The days of Holy Week are the most fitting for reflection and for humanity’s attempt to intellectually grasp the tragic heights of the Divine drama.
The gradual—and always temporary—pause in daily work gives way to the anticipation of the Resurrection and Easter, while book lovers can’t wait to dive into the pages of the new additions to their libraries.
Fans of “unique” publications can discover, at University Studio Press, the musical work of Archpriest Konstantinos Papagiannis on the Hymns of Holy and Great Week. This volume presents the texts of the Holy Week services in a musically arranged format, in a practical and straightforward manner. Undoubtedly, this publication is a one-of-a-kind resource for enthusiasts of Byzantine music and stands out as one of the most original works in its category.

Alexandros Kosmatopoulos presents an equally insightful study of the world of the Gospels in his work “The Gospel Reader”, published by Patakis. Drawing on poetic discourse and the essay, Alexandros Kosmatopoulos approaches the Gospels with awe, love, and an unparalleled composure in deciphering the meanings of these sacred texts. The Κoine Greek of the Gospels lends them a directness that invites the listener to reflect beyond eras and circumstances. Alexandros Kosmatopoulos, refusing to align himself with dogmatic interpretations of the Gospels, argues that they come “to impart meaning and substance where nothing shines, where nothing is visible.” Ultimately, the Word of the Gospel, the parables, and the Light that shines in Hades constitute a powerful antidote to the cataclysmic nihilism of contemporary reality.

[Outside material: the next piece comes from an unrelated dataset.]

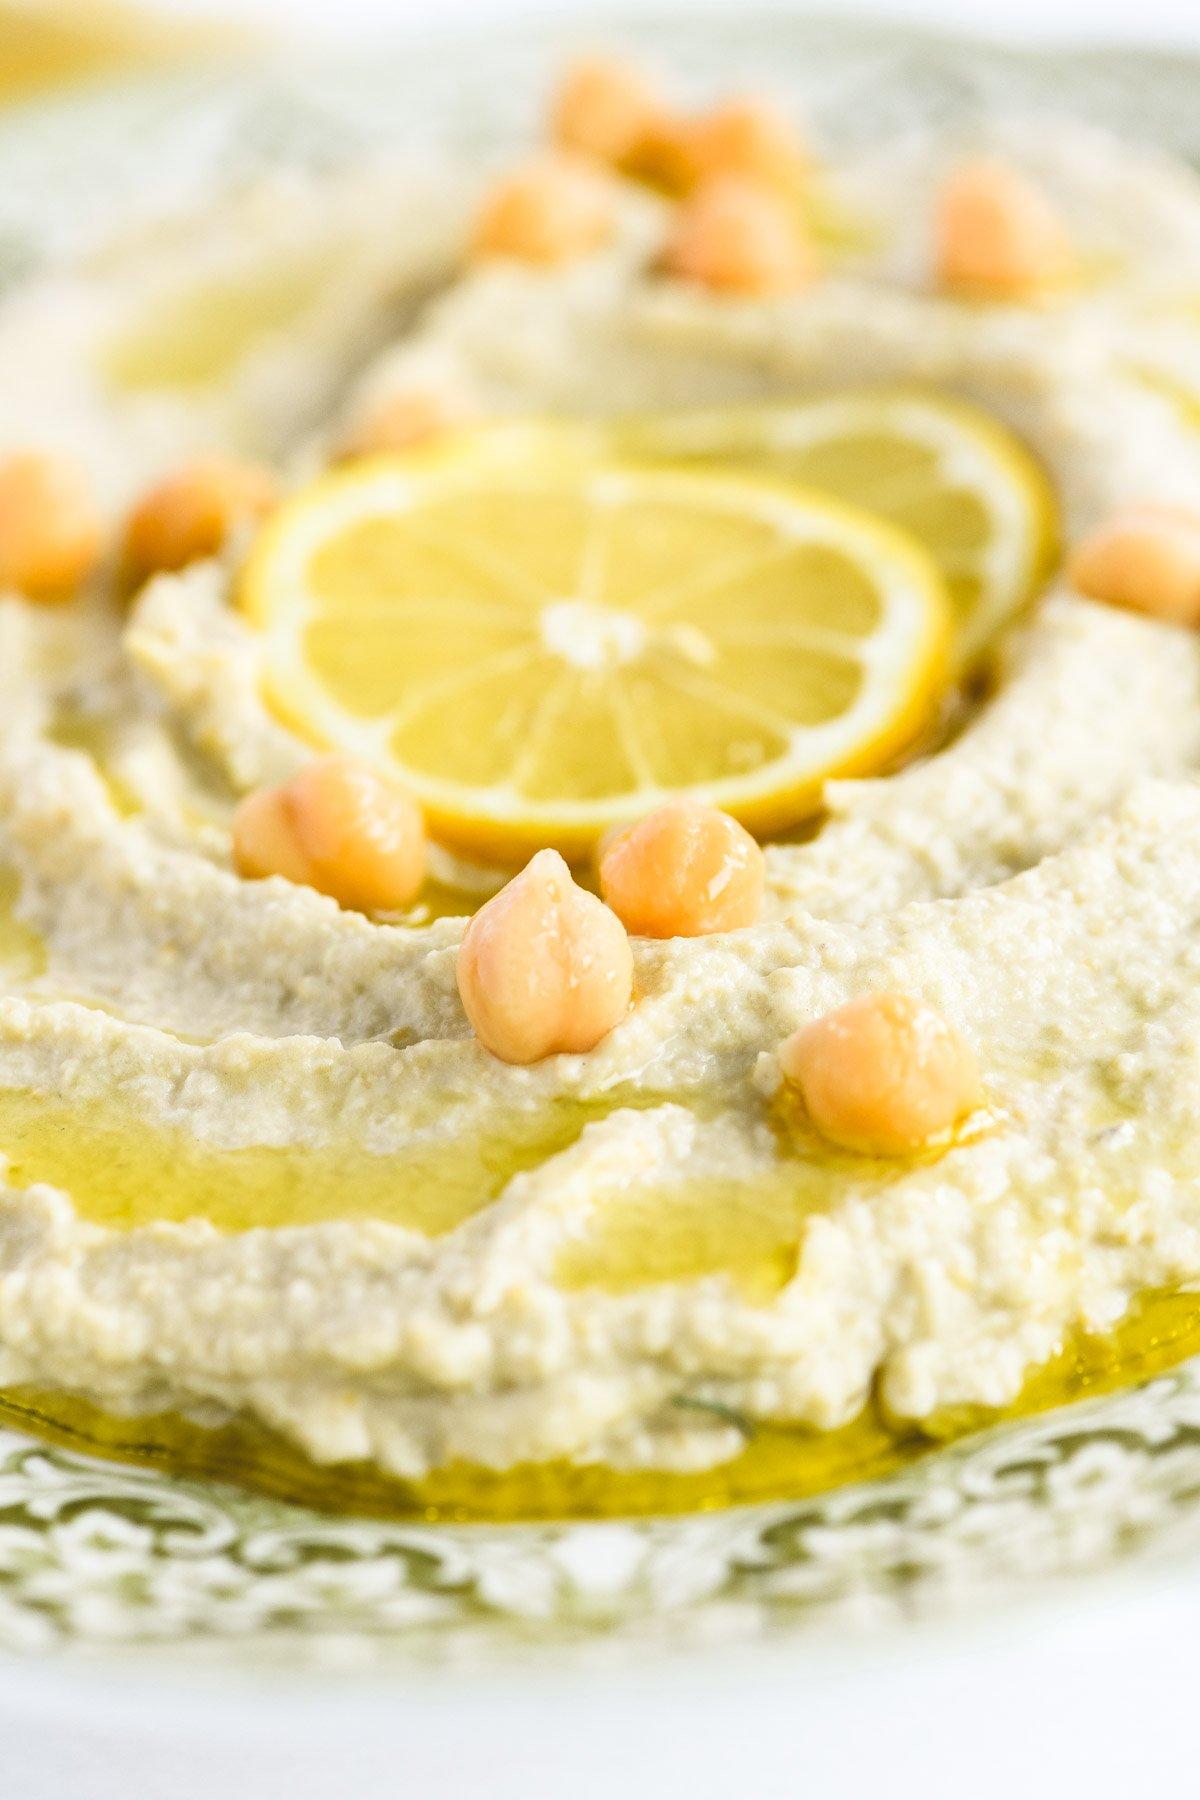 lemon artichoke hummus with lemon slices

The Skiathos-born short-story writer Alexandros Papadiamantis, known by the nickname “Kosmokalogeros,” (monk) was that significant voice of modern Greek literature who captured in his pages not only the dialect of his native land, but also the customs, religious sentiments, and human types that have now been permanently obscured by the dust of time and modernization. Patakis Publications’ “Easter Stories” anthologizes sixteen of the most characteristic, festive and once-original short stories by the leading Greek writer, who occasionally glances toward Gogol’s paradox and Dostoevsky’s irony. In any case, stories such as “Childhood Easter” convey, in a cinematic manner, the awe in the face of the Resurrection service: “[…] After midnight, once the Resurrection had taken place and the entire church was aglow, the square too was lit up by the light of the candles, the children began to light matches and small firecrackers with a crackling sound outside in the narthex, and some ten-year-old boys were firing small pistols, others were throwing heavy nails with their heads down onto the floor tiles inside the church, startling and upsetting the poor old women, who, despite all the persecution the commissioners inflict upon them every year during Holy Week, seeking to confine them to the women’s gallery, no less persistently and intrusively within the church on the left, in the single niche. […]”

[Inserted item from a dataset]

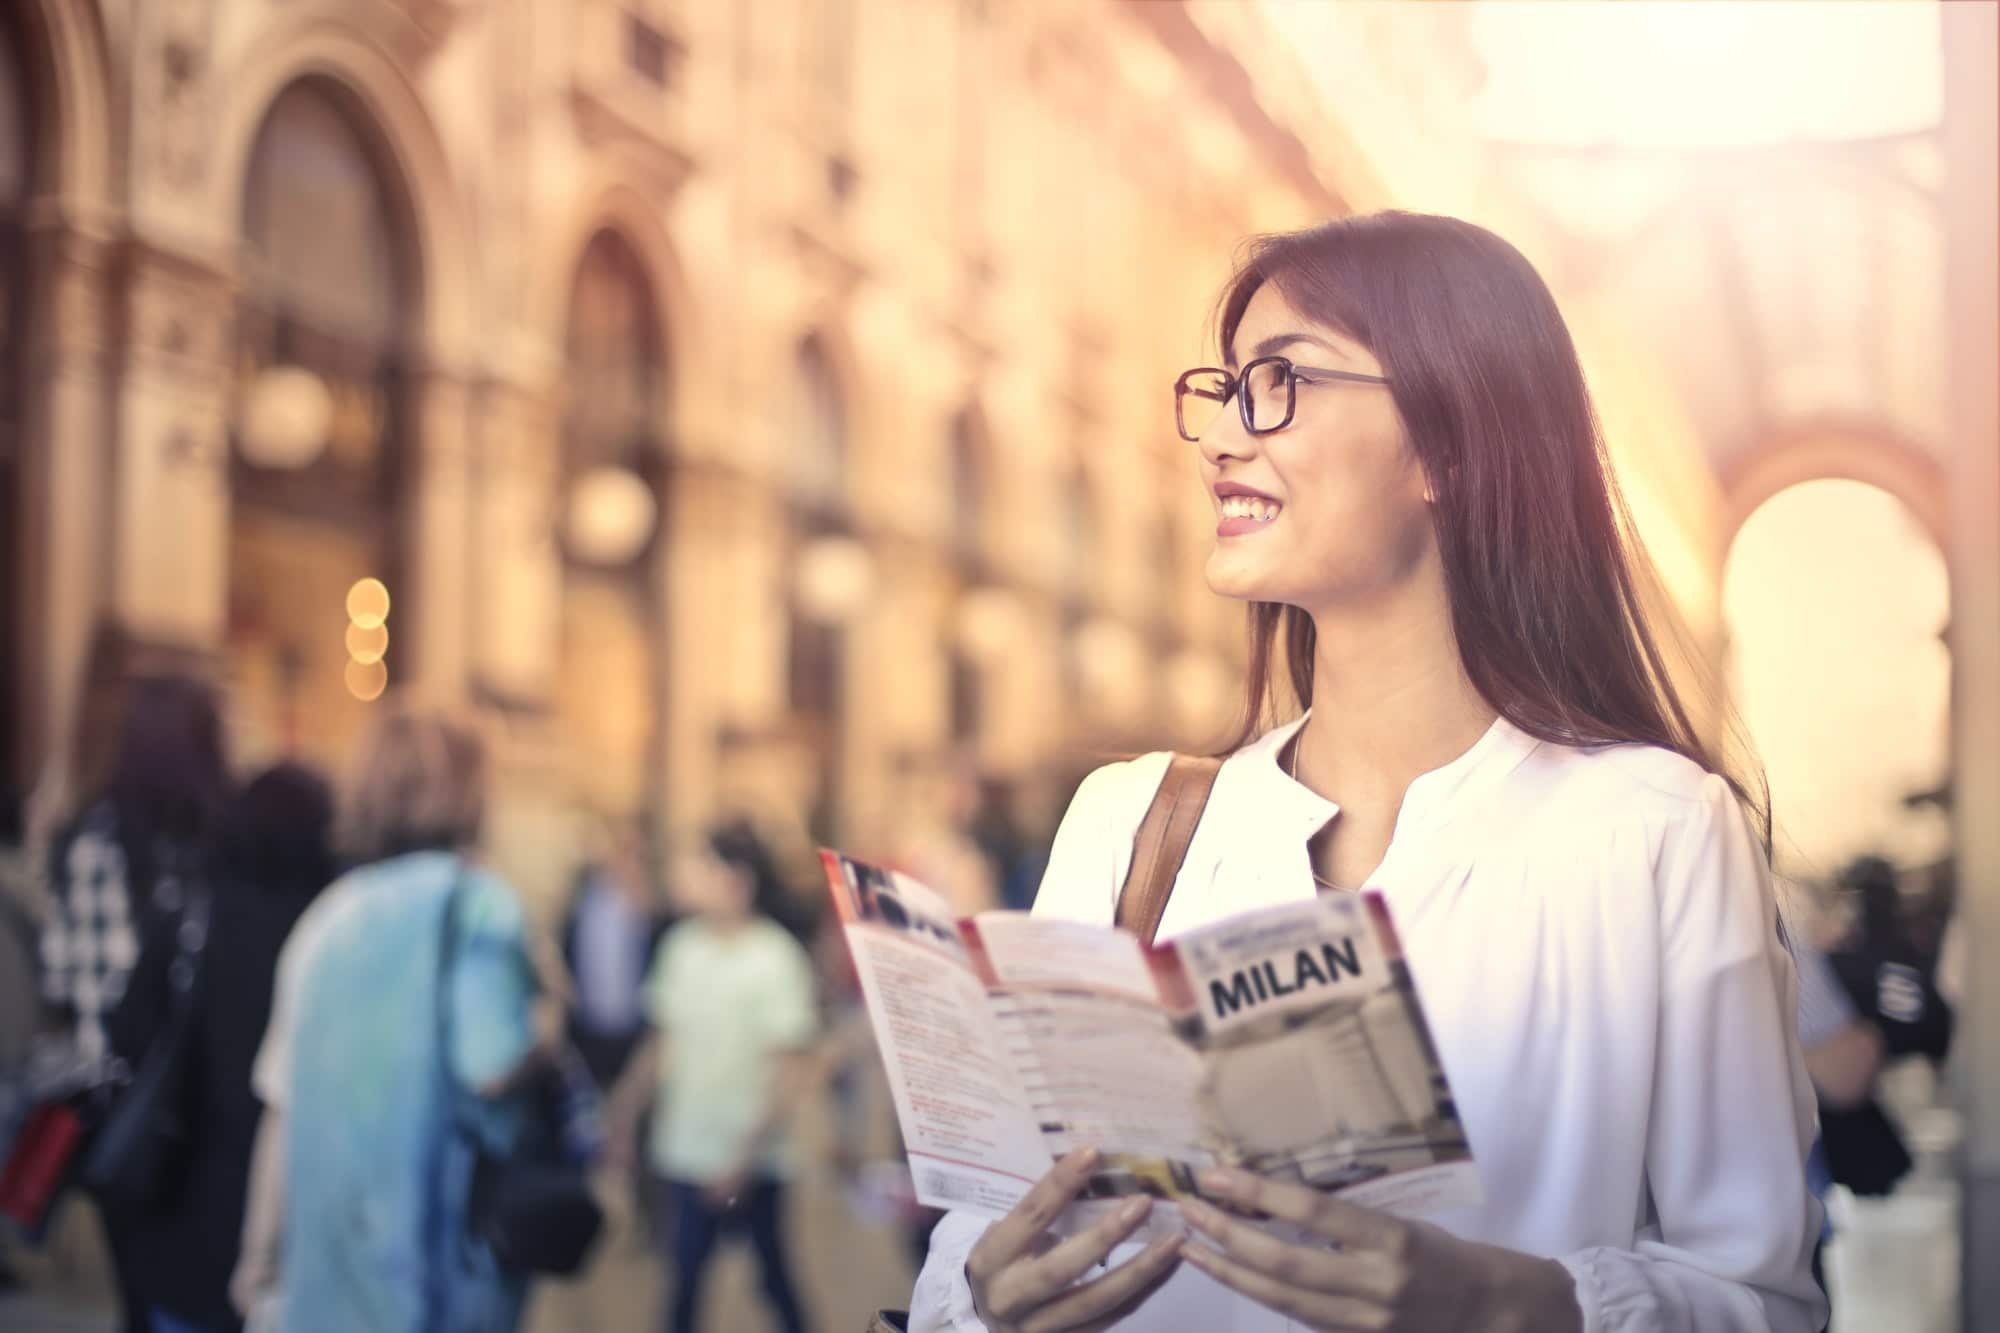 Ragazza con mappa di Milano che esplora la città

Remaining within the context of the anthology of prose and Orthodox Easter celebrations, one will be surprised by a visit to the anthology “Russian Easter Stories” (translated from Russian by Dimitris V. Triantafyllidis) and the immersion into the folk traditions of the land of the Rus. Bunin, Chekhov, Kuprin, Gogol, Martsinovsky… the anthology published by Epikentro covers two centuries of Russia’s great literary tradition. In the encounter between satire and reverence that Gogol attempts, it is impossible to resist and not shout along with his imaginary yet utterly real hero: “Christ is Risen! Only in Russia is this day celebrated as it should be.”